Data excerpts
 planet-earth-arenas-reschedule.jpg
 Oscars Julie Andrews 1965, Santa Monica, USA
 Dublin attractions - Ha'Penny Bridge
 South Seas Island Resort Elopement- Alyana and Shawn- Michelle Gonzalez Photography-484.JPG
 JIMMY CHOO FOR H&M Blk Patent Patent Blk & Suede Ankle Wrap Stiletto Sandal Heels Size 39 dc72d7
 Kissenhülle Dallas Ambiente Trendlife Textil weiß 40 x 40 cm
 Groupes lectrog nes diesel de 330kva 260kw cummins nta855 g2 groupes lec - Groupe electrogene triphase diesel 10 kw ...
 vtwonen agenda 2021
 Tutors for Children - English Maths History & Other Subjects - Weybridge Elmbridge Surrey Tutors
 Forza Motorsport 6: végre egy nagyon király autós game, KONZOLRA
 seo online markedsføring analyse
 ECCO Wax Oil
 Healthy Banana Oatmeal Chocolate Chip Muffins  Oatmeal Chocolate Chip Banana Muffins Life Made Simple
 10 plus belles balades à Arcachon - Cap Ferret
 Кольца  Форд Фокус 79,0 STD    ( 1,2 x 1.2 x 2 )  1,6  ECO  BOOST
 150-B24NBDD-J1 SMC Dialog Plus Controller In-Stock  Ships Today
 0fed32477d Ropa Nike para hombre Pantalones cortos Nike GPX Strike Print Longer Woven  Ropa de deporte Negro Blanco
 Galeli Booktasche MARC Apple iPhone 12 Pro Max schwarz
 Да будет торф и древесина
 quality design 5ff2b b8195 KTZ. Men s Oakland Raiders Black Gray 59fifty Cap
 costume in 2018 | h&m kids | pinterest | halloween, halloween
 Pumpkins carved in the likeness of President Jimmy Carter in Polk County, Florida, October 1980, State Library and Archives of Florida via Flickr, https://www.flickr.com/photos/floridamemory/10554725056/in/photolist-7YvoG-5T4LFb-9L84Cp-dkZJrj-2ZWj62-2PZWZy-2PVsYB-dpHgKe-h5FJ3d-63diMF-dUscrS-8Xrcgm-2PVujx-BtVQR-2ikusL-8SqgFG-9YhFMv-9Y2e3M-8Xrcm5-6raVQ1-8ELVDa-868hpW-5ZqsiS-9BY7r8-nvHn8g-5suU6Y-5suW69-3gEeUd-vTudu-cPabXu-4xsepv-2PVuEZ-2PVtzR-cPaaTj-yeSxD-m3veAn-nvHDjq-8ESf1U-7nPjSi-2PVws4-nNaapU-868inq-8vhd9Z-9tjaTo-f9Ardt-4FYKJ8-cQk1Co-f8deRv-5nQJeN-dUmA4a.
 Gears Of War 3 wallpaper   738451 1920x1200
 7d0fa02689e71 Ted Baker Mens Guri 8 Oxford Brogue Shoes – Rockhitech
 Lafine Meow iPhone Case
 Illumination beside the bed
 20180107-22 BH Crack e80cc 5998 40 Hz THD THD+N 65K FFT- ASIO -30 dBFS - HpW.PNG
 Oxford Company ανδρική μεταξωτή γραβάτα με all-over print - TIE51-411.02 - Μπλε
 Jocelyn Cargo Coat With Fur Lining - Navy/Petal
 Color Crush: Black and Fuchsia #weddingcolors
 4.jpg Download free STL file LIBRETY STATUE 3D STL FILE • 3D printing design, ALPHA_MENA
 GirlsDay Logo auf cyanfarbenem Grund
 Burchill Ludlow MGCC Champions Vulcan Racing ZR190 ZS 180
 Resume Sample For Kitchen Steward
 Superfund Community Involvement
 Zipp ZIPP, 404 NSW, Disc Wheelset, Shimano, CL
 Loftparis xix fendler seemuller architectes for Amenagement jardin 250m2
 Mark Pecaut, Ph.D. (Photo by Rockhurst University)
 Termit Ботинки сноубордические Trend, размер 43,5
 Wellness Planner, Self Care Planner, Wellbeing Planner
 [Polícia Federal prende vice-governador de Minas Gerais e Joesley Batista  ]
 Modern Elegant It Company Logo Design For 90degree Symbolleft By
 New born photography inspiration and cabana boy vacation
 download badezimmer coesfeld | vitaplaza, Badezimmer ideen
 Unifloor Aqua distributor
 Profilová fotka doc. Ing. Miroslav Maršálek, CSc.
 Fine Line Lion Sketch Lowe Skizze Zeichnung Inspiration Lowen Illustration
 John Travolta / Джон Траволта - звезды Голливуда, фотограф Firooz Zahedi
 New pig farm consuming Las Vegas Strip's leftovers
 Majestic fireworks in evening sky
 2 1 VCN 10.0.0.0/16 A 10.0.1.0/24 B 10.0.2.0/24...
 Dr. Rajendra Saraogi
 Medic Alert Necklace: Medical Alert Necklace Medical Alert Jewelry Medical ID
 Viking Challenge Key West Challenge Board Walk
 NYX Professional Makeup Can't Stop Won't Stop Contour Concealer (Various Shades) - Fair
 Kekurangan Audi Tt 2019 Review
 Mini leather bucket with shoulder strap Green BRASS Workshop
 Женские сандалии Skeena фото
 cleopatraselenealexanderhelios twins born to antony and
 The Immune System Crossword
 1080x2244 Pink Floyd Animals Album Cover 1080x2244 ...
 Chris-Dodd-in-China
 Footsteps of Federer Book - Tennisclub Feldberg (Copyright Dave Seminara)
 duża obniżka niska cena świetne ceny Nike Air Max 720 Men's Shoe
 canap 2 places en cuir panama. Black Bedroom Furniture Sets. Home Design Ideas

[Task prompt] Write out the entries above once more, without altering anything.

[Result below]
 planet-earth-arenas-reschedule.jpg
 Oscars Julie Andrews 1965, Santa Monica, USA
 Dublin attractions - Ha'Penny Bridge
 South Seas Island Resort Elopement- Alyana and Shawn- Michelle Gonzalez Photography-484.JPG
 JIMMY CHOO FOR H&M Blk Patent Patent Blk & Suede Ankle Wrap Stiletto Sandal Heels Size 39 dc72d7
 Kissenhülle Dallas Ambiente Trendlife Textil weiß 40 x 40 cm
 Groupes lectrog nes diesel de 330kva 260kw cummins nta855 g2 groupes lec - Groupe electrogene triphase diesel 10 kw ...
 vtwonen agenda 2021
 Tutors for Children - English Maths History & Other Subjects - Weybridge Elmbridge Surrey Tutors
 Forza Motorsport 6: végre egy nagyon király autós game, KONZOLRA
 seo online markedsføring analyse
 ECCO Wax Oil
 Healthy Banana Oatmeal Chocolate Chip Muffins  Oatmeal Chocolate Chip Banana Muffins Life Made Simple
 10 plus belles balades à Arcachon - Cap Ferret
 Кольца  Форд Фокус 79,0 STD    ( 1,2 x 1.2 x 2 )  1,6  ECO  BOOST
 150-B24NBDD-J1 SMC Dialog Plus Controller In-Stock  Ships Today
 0fed32477d Ropa Nike para hombre Pantalones cortos Nike GPX Strike Print Longer Woven  Ropa de deporte Negro Blanco
 Galeli Booktasche MARC Apple iPhone 12 Pro Max schwarz
 Да будет торф и древесина
 quality design 5ff2b b8195 KTZ. Men s Oakland Raiders Black Gray 59fifty Cap
 costume in 2018 | h&m kids | pinterest | halloween, halloween
 Pumpkins carved in the likeness of President Jimmy Carter in Polk County, Florida, October 1980, State Library and Archives of Florida via Flickr, https://www.flickr.com/photos/floridamemory/10554725056/in/photolist-7YvoG-5T4LFb-9L84Cp-dkZJrj-2ZWj62-2PZWZy-2PVsYB-dpHgKe-h5FJ3d-63diMF-dUscrS-8Xrcgm-2PVujx-BtVQR-2ikusL-8SqgFG-9YhFMv-9Y2e3M-8Xrcm5-6raVQ1-8ELVDa-868hpW-5ZqsiS-9BY7r8-nvHn8g-5suU6Y-5suW69-3gEeUd-vTudu-cPabXu-4xsepv-2PVuEZ-2PVtzR-cPaaTj-yeSxD-m3veAn-nvHDjq-8ESf1U-7nPjSi-2PVws4-nNaapU-868inq-8vhd9Z-9tjaTo-f9Ardt-4FYKJ8-cQk1Co-f8deRv-5nQJeN-dUmA4a.
 Gears Of War 3 wallpaper   738451 1920x1200
 7d0fa02689e71 Ted Baker Mens Guri 8 Oxford Brogue Shoes – Rockhitech
 Lafine Meow iPhone Case
 Illumination beside the bed
 20180107-22 BH Crack e80cc 5998 40 Hz THD THD+N 65K FFT- ASIO -30 dBFS - HpW.PNG
 Oxford Company ανδρική μεταξωτή γραβάτα με all-over print - TIE51-411.02 - Μπλε
 Jocelyn Cargo Coat With Fur Lining - Navy/Petal
 Color Crush: Black and Fuchsia #weddingcolors
 4.jpg Download free STL file LIBRETY STATUE 3D STL FILE • 3D printing design, ALPHA_MENA
 GirlsDay Logo auf cyanfarbenem Grund
 Burchill Ludlow MGCC Champions Vulcan Racing ZR190 ZS 180
 Resume Sample For Kitchen Steward
 Superfund Community Involvement
 Zipp ZIPP, 404 NSW, Disc Wheelset, Shimano, CL
 Loftparis xix fendler seemuller architectes for Amenagement jardin 250m2
 Mark Pecaut, Ph.D. (Photo by Rockhurst University)
 Termit Ботинки сноубордические Trend, размер 43,5
 Wellness Planner, Self Care Planner, Wellbeing Planner
 [Polícia Federal prende vice-governador de Minas Gerais e Joesley Batista  ]
 Modern Elegant It Company Logo Design For 90degree Symbolleft By
 New born photography inspiration and cabana boy vacation
 download badezimmer coesfeld | vitaplaza, Badezimmer ideen
 Unifloor Aqua distributor
 Profilová fotka doc. Ing. Miroslav Maršálek, CSc.
 Fine Line Lion Sketch Lowe Skizze Zeichnung Inspiration Lowen Illustration
 John Travolta / Джон Траволта - звезды Голливуда, фотограф Firooz Zahedi
 New pig farm consuming Las Vegas Strip's leftovers
 Majestic fireworks in evening sky
 2 1 VCN 10.0.0.0/16 A 10.0.1.0/24 B 10.0.2.0/24...
 Dr. Rajendra Saraogi
 Medic Alert Necklace: Medical Alert Necklace Medical Alert Jewelry Medical ID
 Viking Challenge Key West Challenge Board Walk
 NYX Professional Makeup Can't Stop Won't Stop Contour Concealer (Various Shades) - Fair
 Kekurangan Audi Tt 2019 Review
 Mini leather bucket with shoulder strap Green BRASS Workshop
 Женские сандалии Skeena фото
 cleopatraselenealexanderhelios twins born to antony and
 The Immune System Crossword
 1080x2244 Pink Floyd Animals Album Cover 1080x2244 ...
 Chris-Dodd-in-China
 Footsteps of Federer Book - Tennisclub Feldberg (Copyright Dave Seminara)
 duża obniżka niska cena świetne ceny Nike Air Max 720 Men's Shoe
 canap 2 places en cuir panama. Black Bedroom Furniture Sets. Home Design Ideas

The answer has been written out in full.